Gird snorted. "They had to, to take out the stone they cut. And I've heard they know stone by its smell and taste . . . that a dwarf will know a rock brought from leagues away. The gnomes could do that, and they said dwarves could too." He pushed himself off the wall. "Well. Back we go." He led the way again, and Luap came behind, trying not to look back over his shoulder at what might follow the clangor of their voices. "You found a good surprise, Luap, I'll give you that. Not like before, indeed." He led on at a good pace, and soon they came back to the great hall; they could hear their footsteps ring in it before they arrived, as if it were a bell.

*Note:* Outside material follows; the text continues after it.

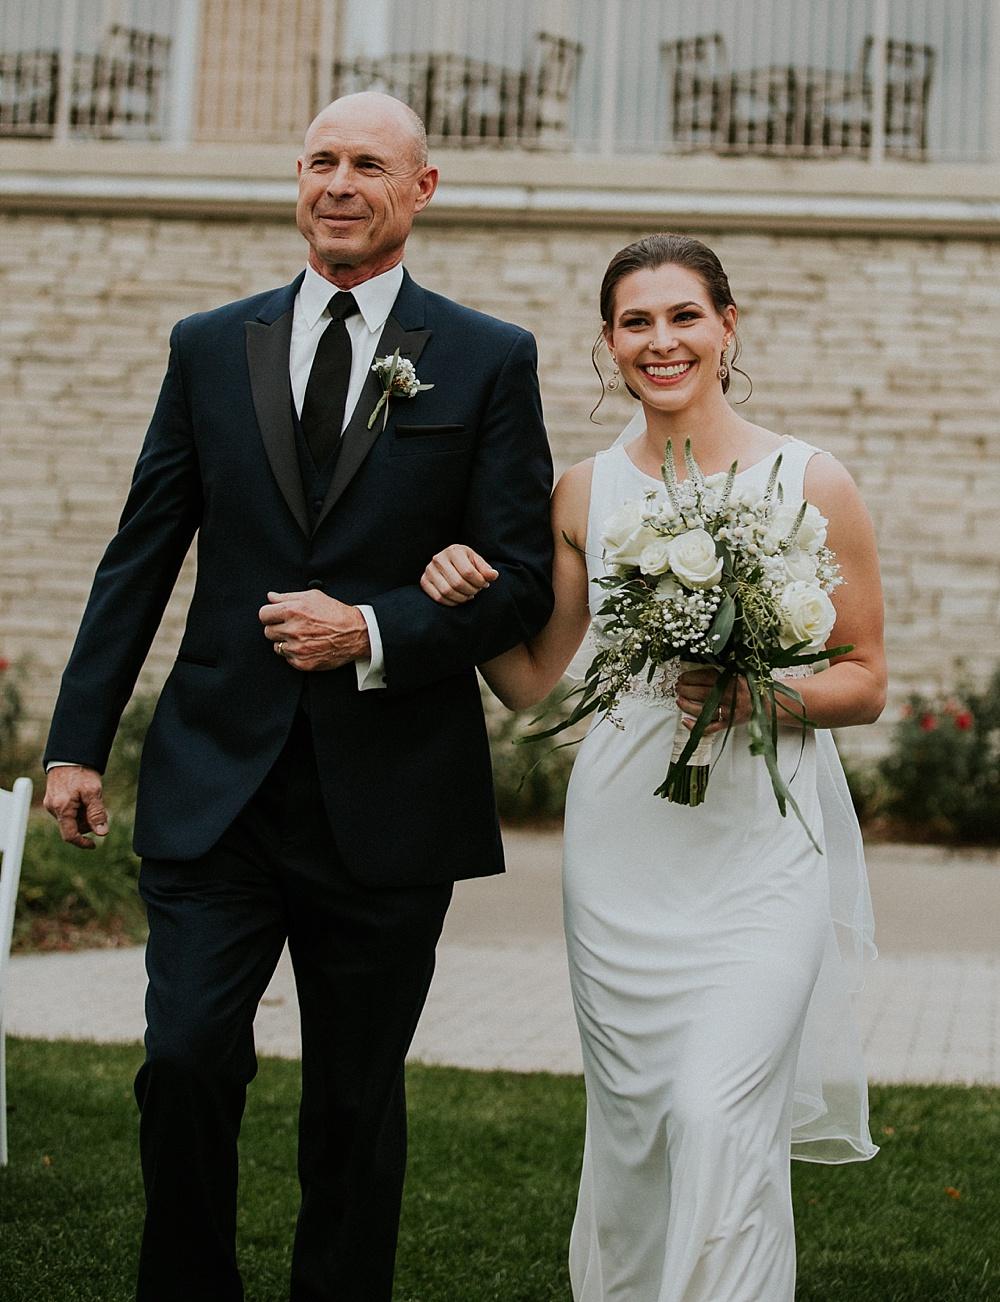 Mike-Stephanie_chicago_wedding_liller-photo-00028.jpg

Luap let out breath he had not realized he held. "How did you know your way?" He could ask, now that they were safe.
Gird's brows rose. "You didn't? You count the turns, the doorways you pass, keep track of lefts and rights—"
And this was the man who formed half his signs wrong in writing, whose brow furrowed over a page of clear script, who could not reckon except by placing objects in a row and counting them. Luap managed not to shudder or glance back through the doorway. "And now?"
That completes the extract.